# /etc/init.d/net-online weird errors

## Akaihiryuu

If the net-online script tries to run during the boot process, it basically just spams really weird errors and hangs indefinitely (preventing the rc scripts from completing).  Syslog is not logging the error so I can't reproduce it exactly, but it is saying invalid argument in line 59 and 60 (alternating) in /etc/init.d/net-online.  These lines are

read x < /sys/class/net/$dev/carrier [ $x -eq 1 ] && : $((carriers += 1))

read x < /sys/class/net/$dev/operstate [ "$x" = up ] && : $((configured += 1))

If I have need="net-online" in ANY service in conf.d, this happens.  And it will hang forever until I put it in maintenance mode, take that line out of the entry in conf.d, and restart it again.  The only thing I can figure is at that point in the boot process, the entries in /sys/class/net/eth1 are not there.  (I have net-online set to depend only on net-eth1.)

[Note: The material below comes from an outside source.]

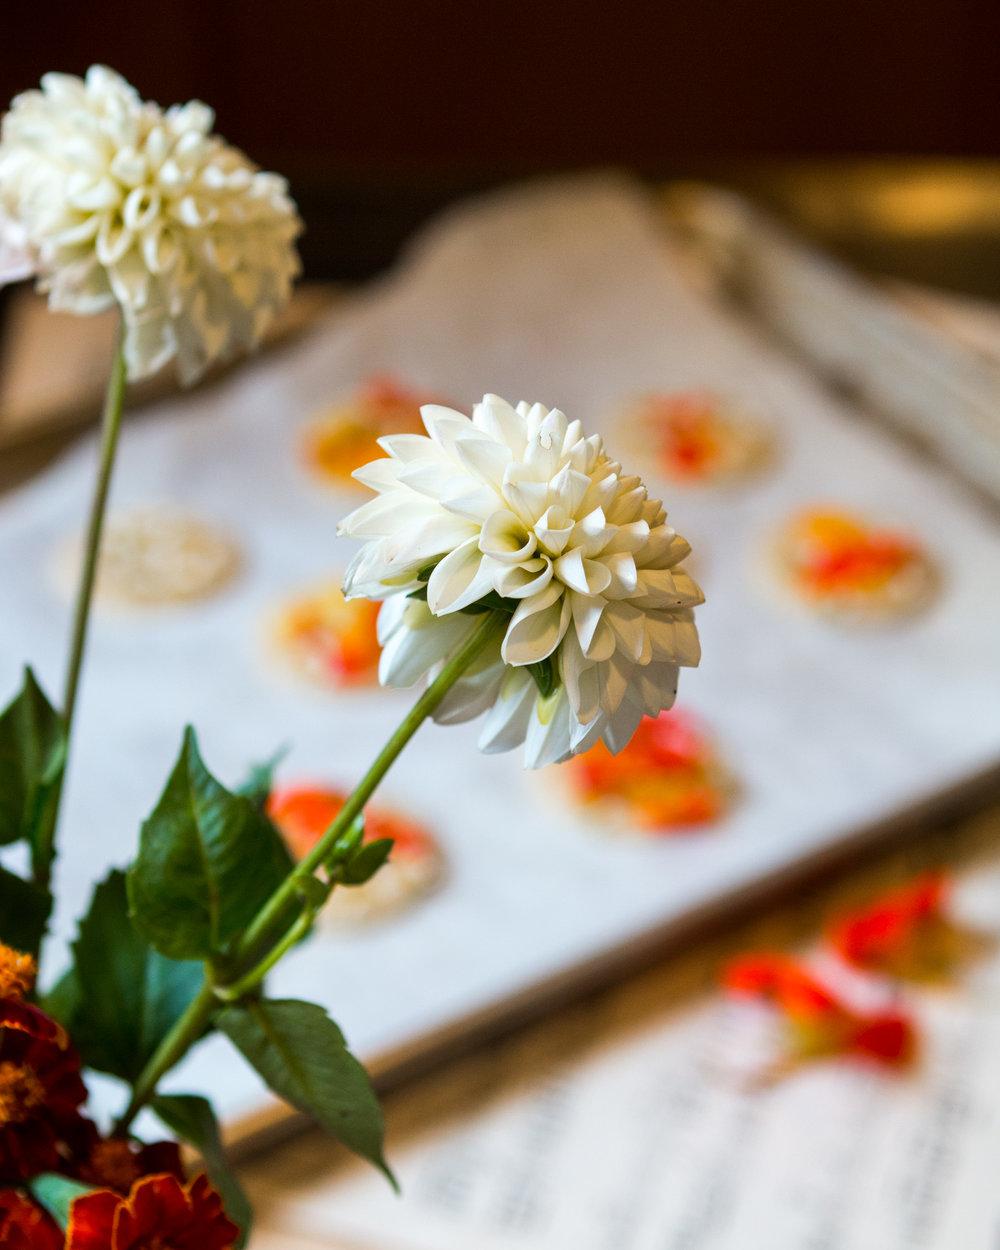 lemon-shortbread-edible-flowers-6.jpg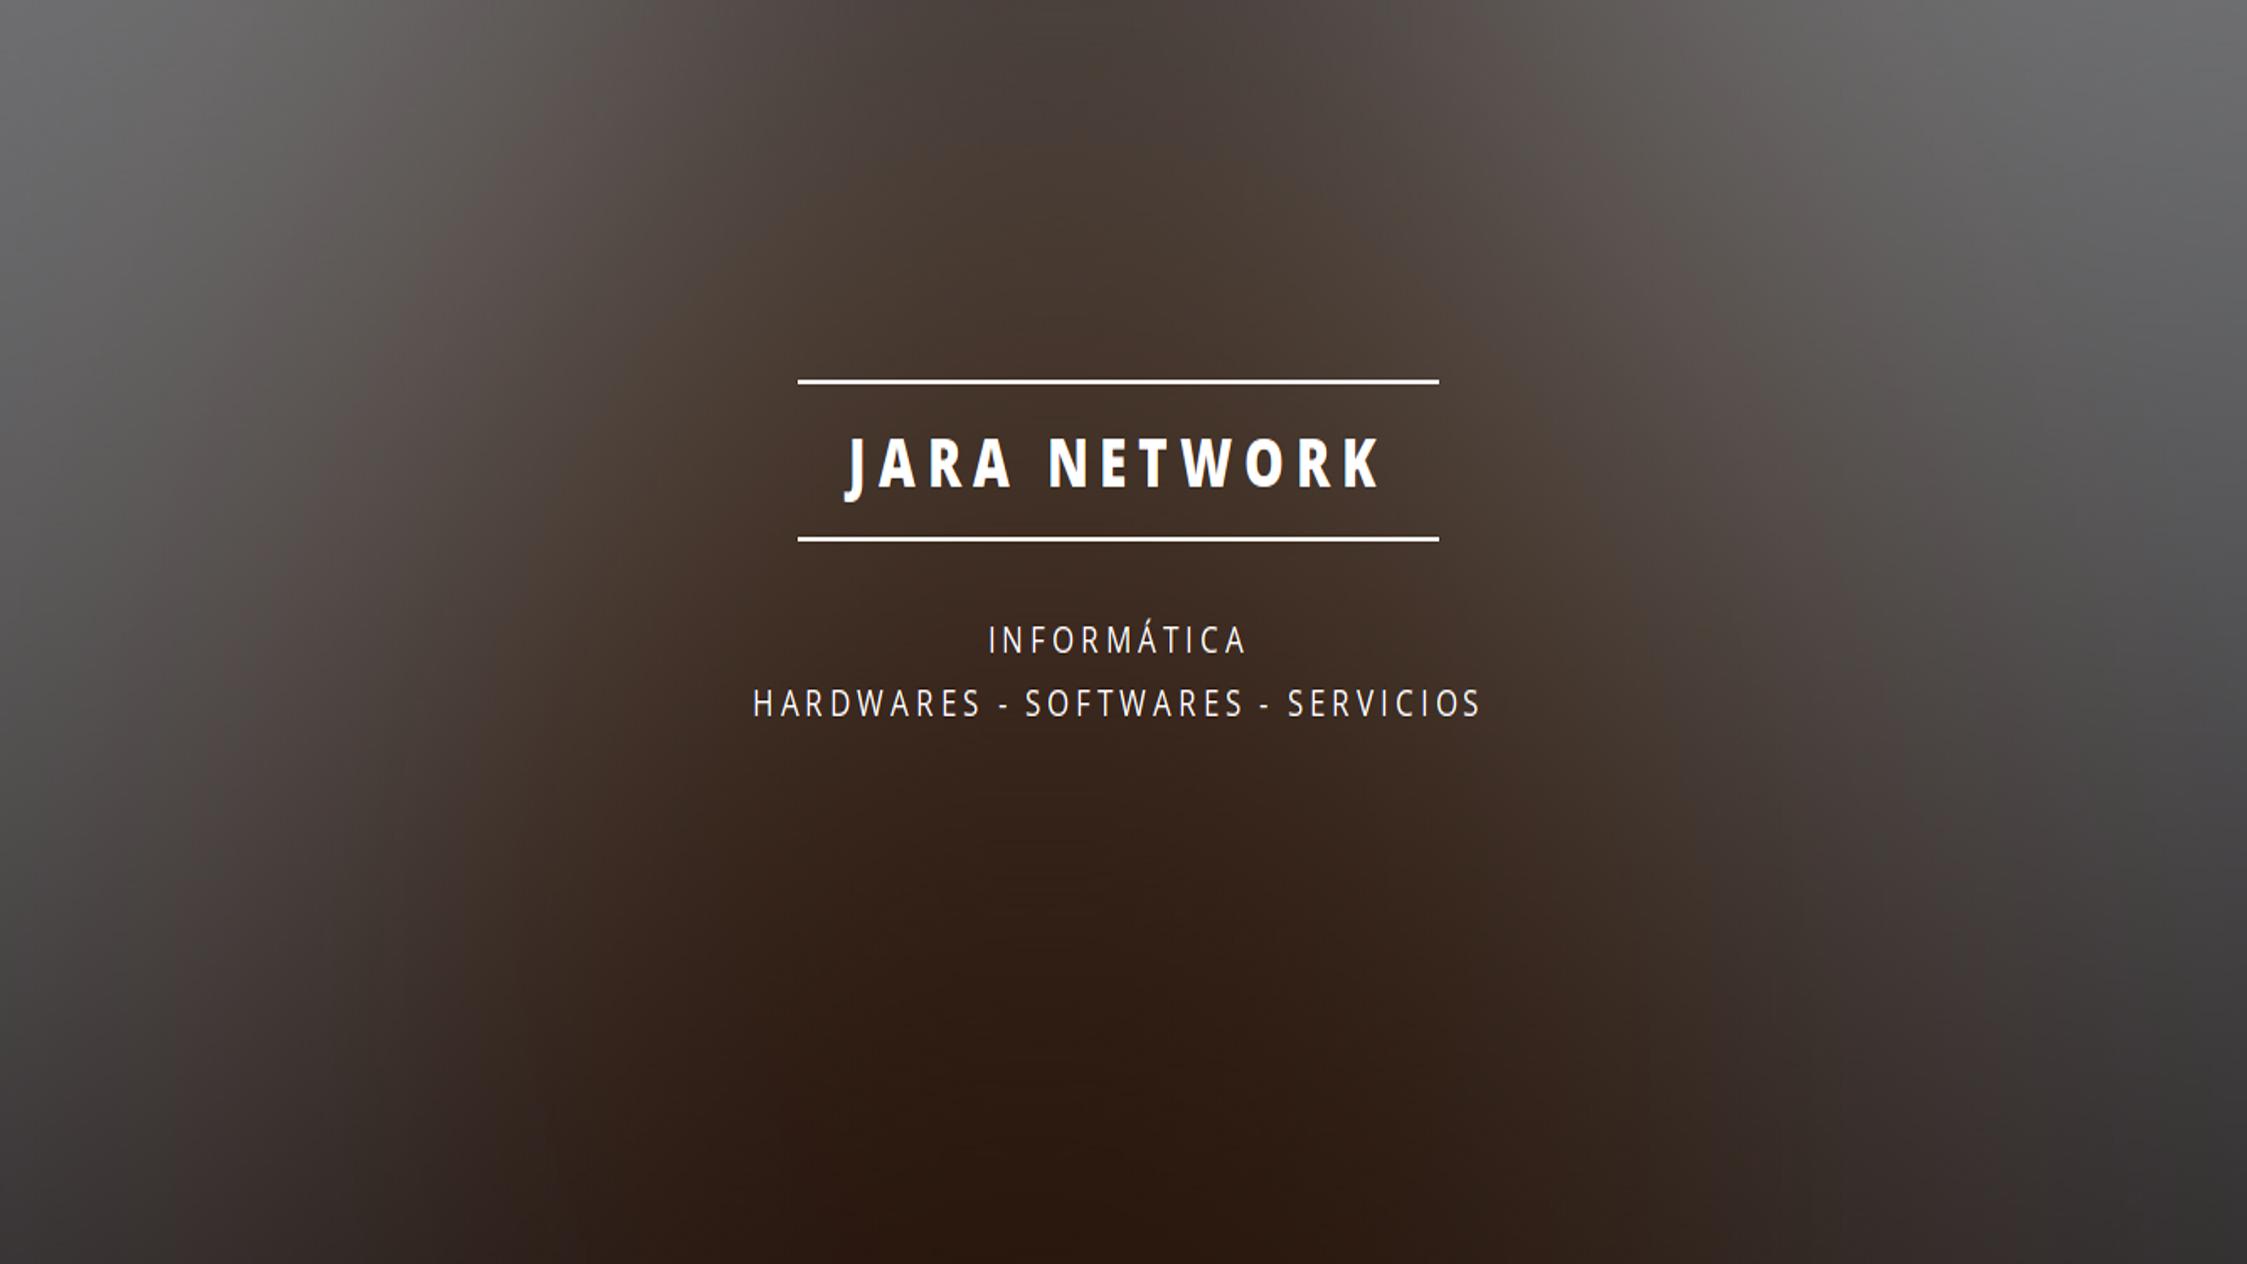 Jara Network

If I wait until everything is running, and THEN run net-online, it works fine.  Something is terribly terribly broken in the startup scripts, anyone have any idea what it could be?  I'm wanting to have services depend on net-online for a reason.  If openrc is really this broken, I may just have to switch to systemd even though I don't like it.

----------

## Ant P.

You somehow have a broken initscript. Those should be four lines, not two:

```
      read x < /sys/class/net/$dev/carrier

      [ $x -eq 1 ] && : $((carriers += 1))

      read x < /sys/class/net/$dev/operstate

      [ "$x" = up ] && : $((configured += 1))
```

----------

## Akaihiryuu

 *Ant P. wrote:*   

> You somehow have a broken initscript. Those should be four lines, not two:
> 
> ```
>       read x < /sys/class/net/$dev/carrier
> 
> ...

 

It actually is 4 lines, it ended up being a copy/paste problem when I pasted it here.  That's what I have.

----------

## guitou

Hello, looking at net-online script, I think you should try and manually run some bash commands from get_interfaces function:

```

        for ifname in /sys/class/net/*; do

                read iftype < ${ifname}/type

                [ "$iftype" = "1" ] && printf "%s " ${ifname##*/}

        done

```

And for each dev listed, you may then check values of /sys/class/net/$dev/carrier and /sys/class/net/$dev/operstate

This should help you identify which device gets in the loop while not yet initialized/configured (dummy?)

++

Gi)

----------

## Akaihiryuu

 *guitou wrote:*   

> Hello, looking at net-online script, I think you should try and manually run some bash commands from get_interfaces function:
> 
> ```
> 
>         for ifname in /sys/class/net/*; do
> ...

 

By the time I can actually access the system, they are all there.  It's something that must not be getting initialized during boot time.

----------

## Hu

You could temporarily patch the script to have set -x before the relevant commands and set +x after them, so that bash prints each command before executing it.  That would show you which commands and paths provoke the error message.  As an example of the output you can get:

```
(set -x; for a in /dev/null; do read < "$a"; done )

+ for a in /dev/null

+ read

```

----------

## guitou

Hello.

My bad, except from a typo in /etc/conf.d/net-online, only eth1 should be checked indeed.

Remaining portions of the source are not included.